Under this line are records; the part from the line containing "singapore-wedding-photographer-sharalyn-syazwan-024.jpg" through the line containing "Edwin-Castro-FSLN-Nicaragua-Amnesty-law-Grayzone-Ben-Norton" should be repeated exactly. Please exclude pictures.

RECORDS FOR PROCESSING =>

|---|

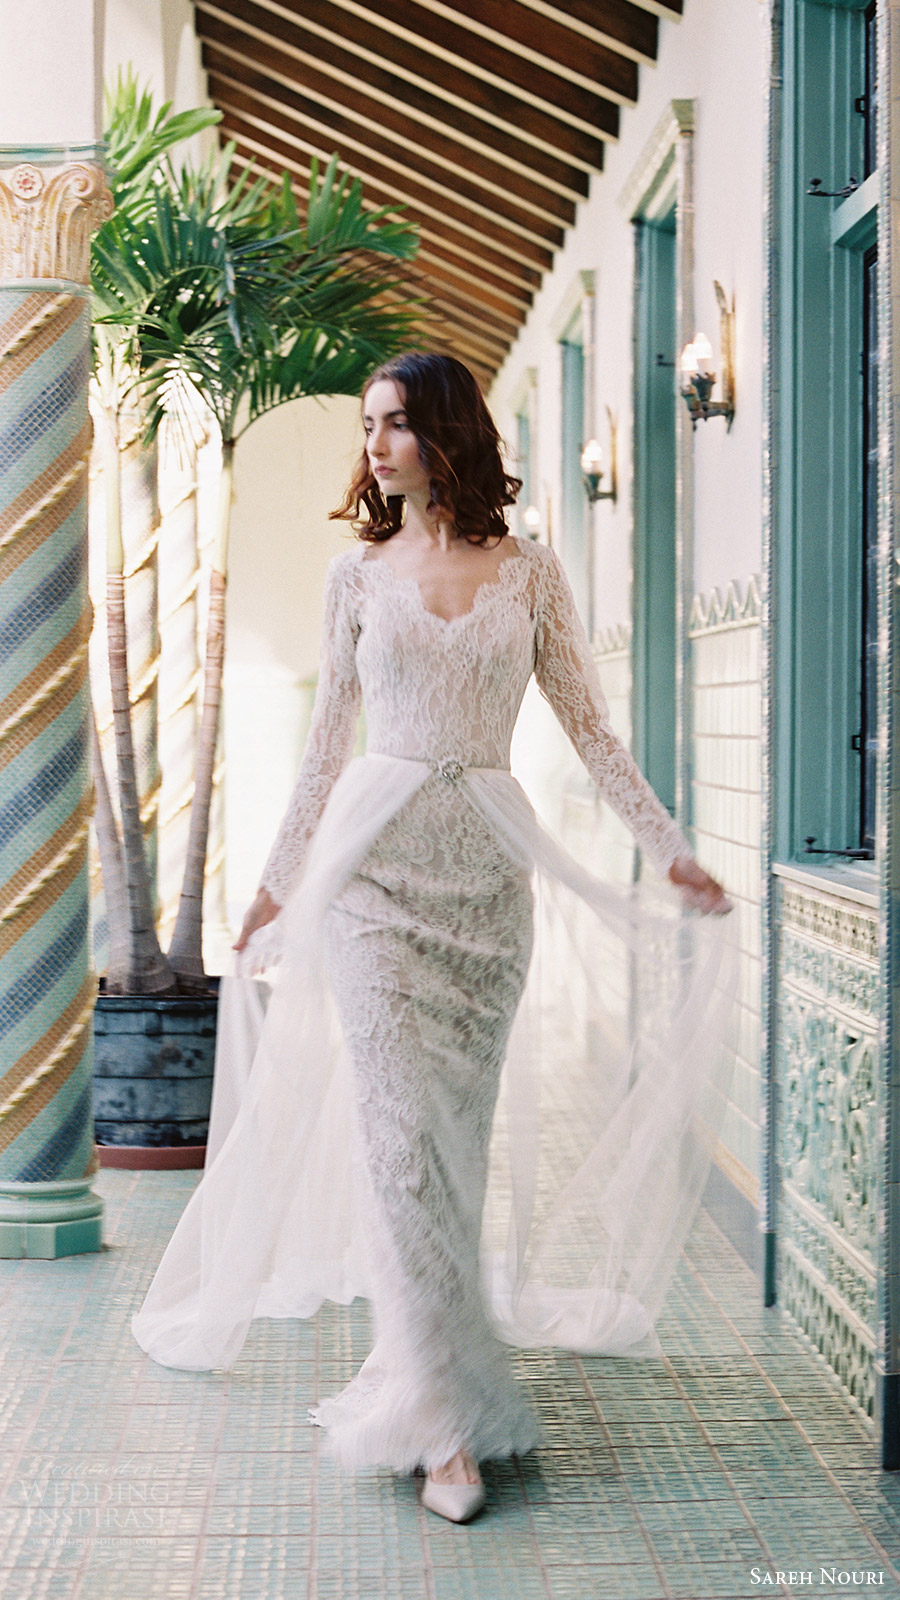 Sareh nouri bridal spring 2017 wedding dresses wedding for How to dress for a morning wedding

|---|

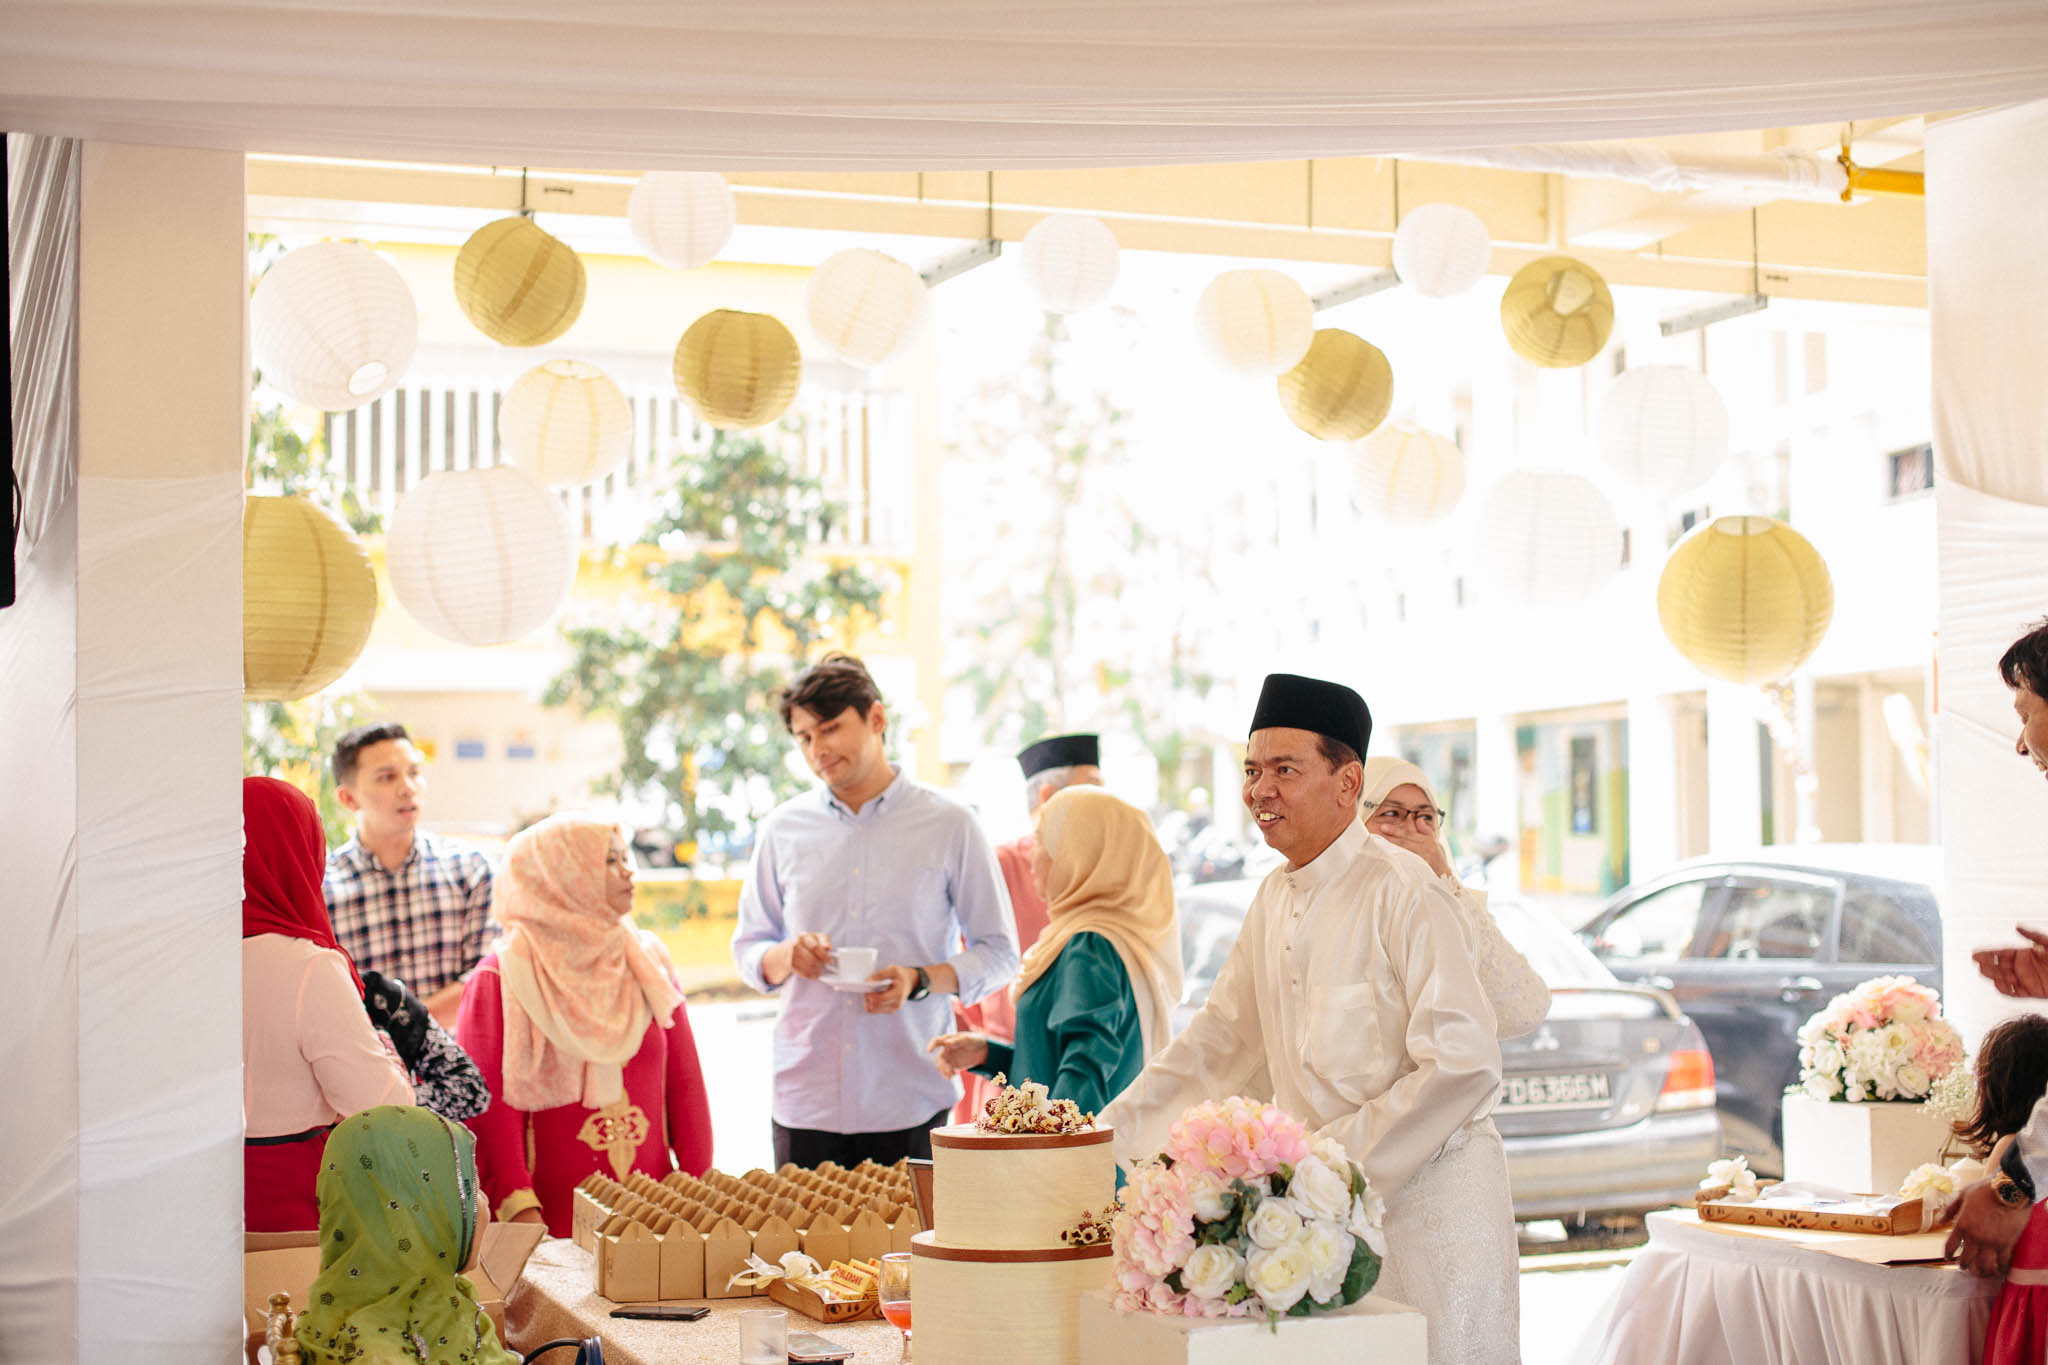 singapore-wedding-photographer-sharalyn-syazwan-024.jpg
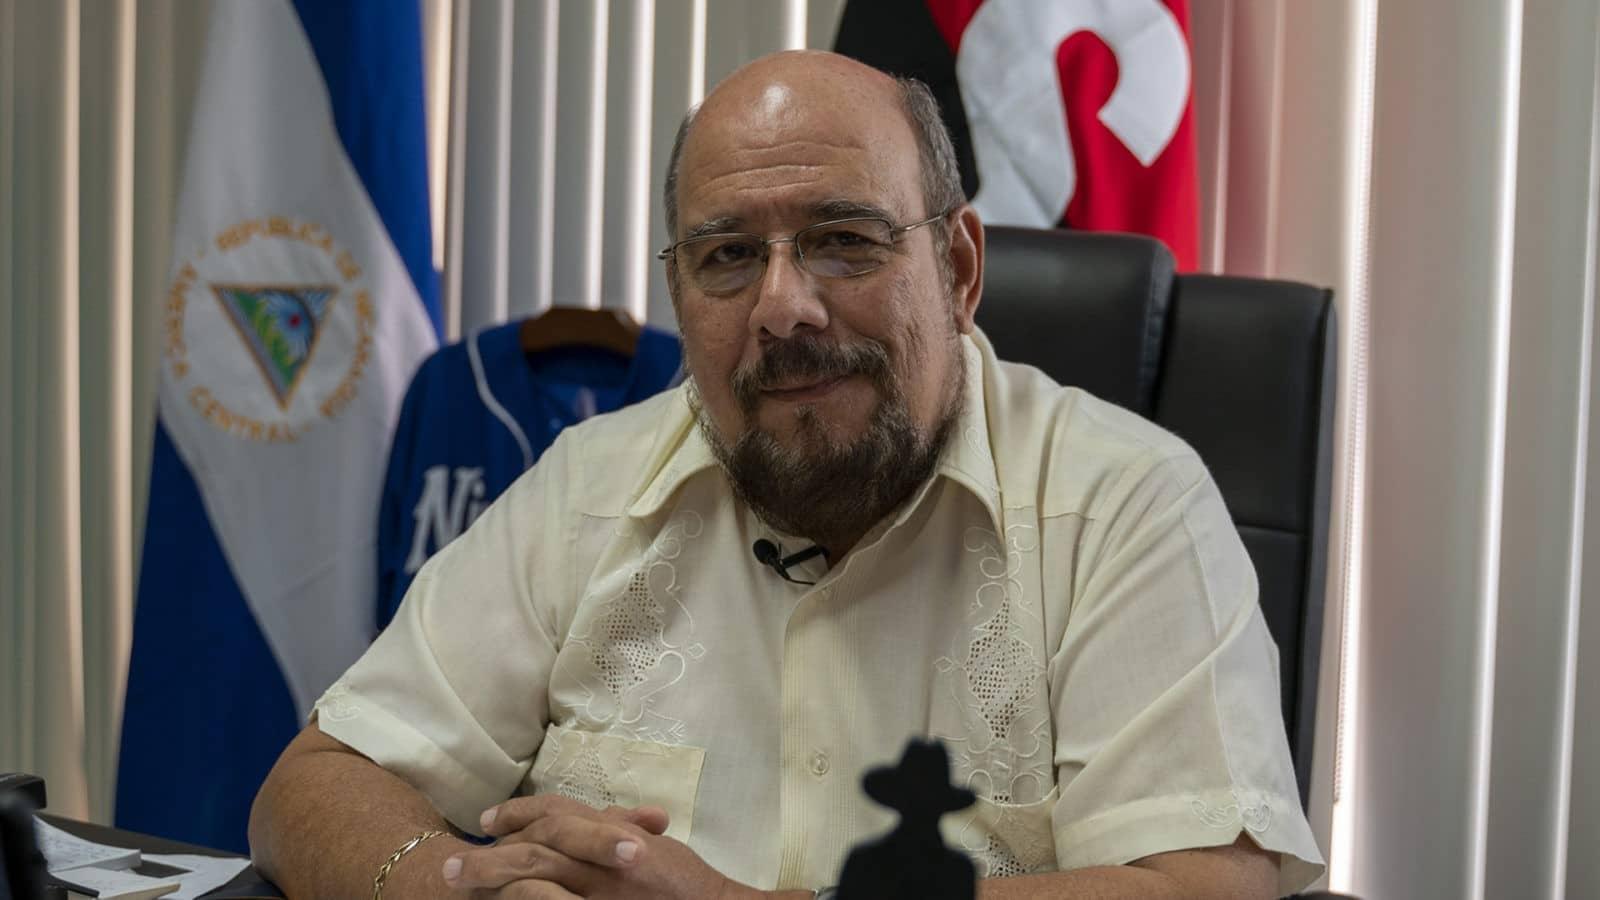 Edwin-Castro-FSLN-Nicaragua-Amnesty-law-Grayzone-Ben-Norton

|---|

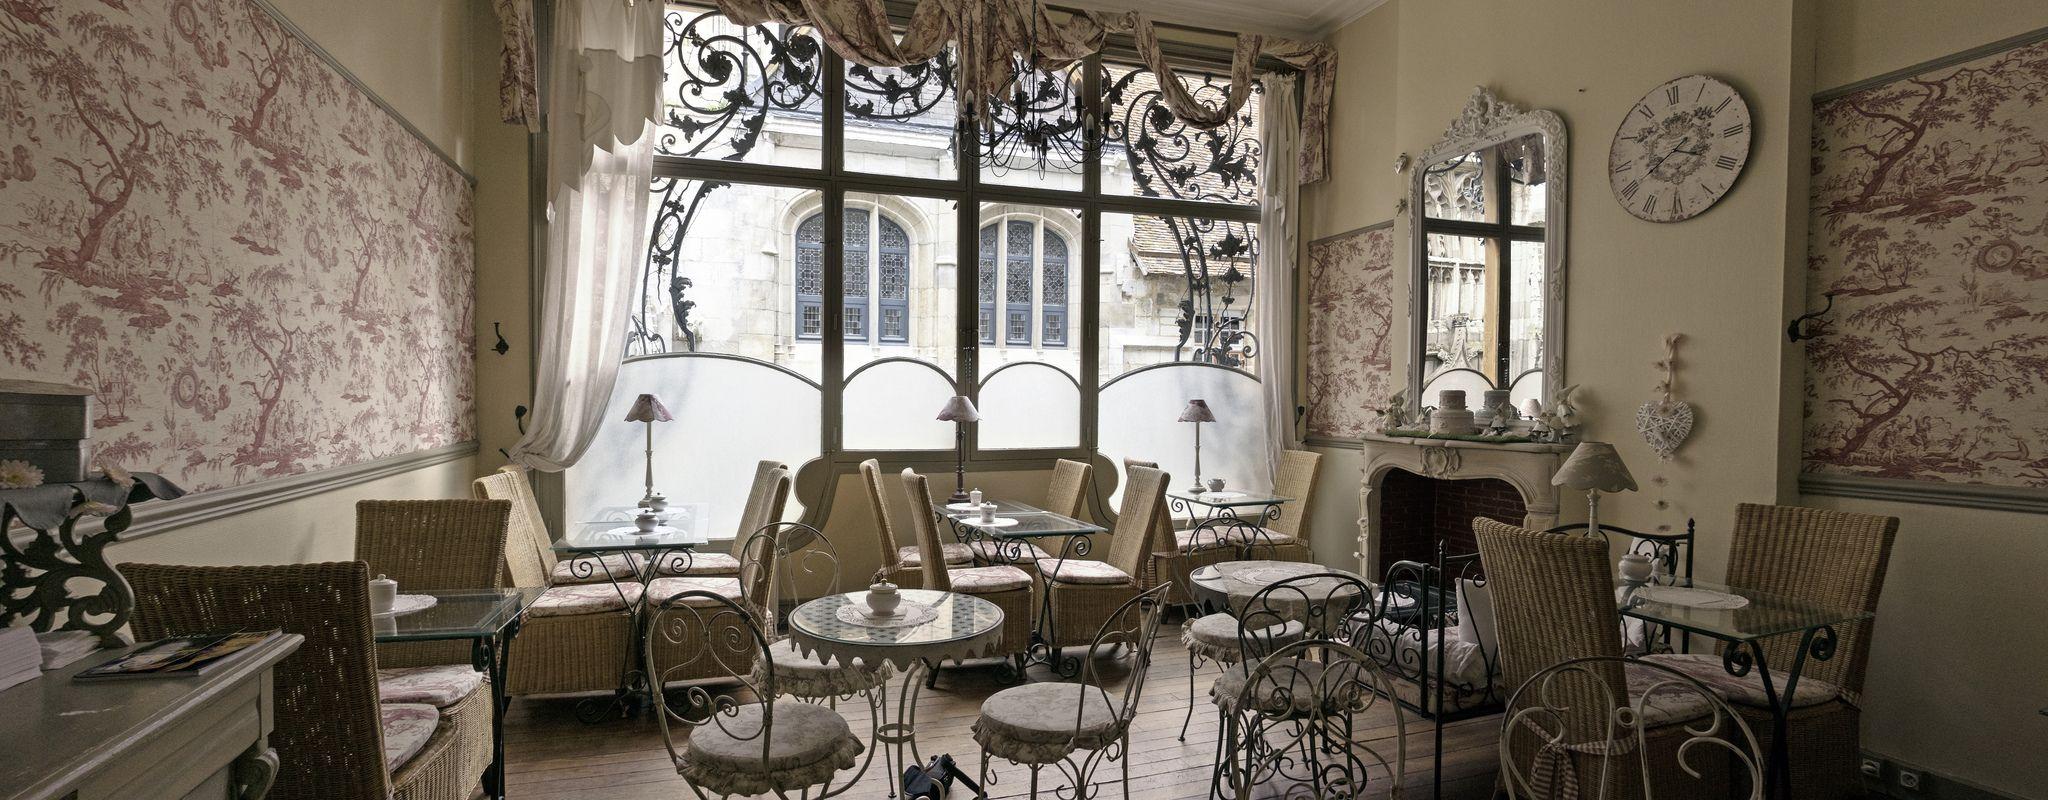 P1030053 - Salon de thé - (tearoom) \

|---|

WRITTEN ANSWER =>
 singapore-wedding-photographer-sharalyn-syazwan-024.jpg
 Edwin-Castro-FSLN-Nicaragua-Amnesty-law-Grayzone-Ben-Norton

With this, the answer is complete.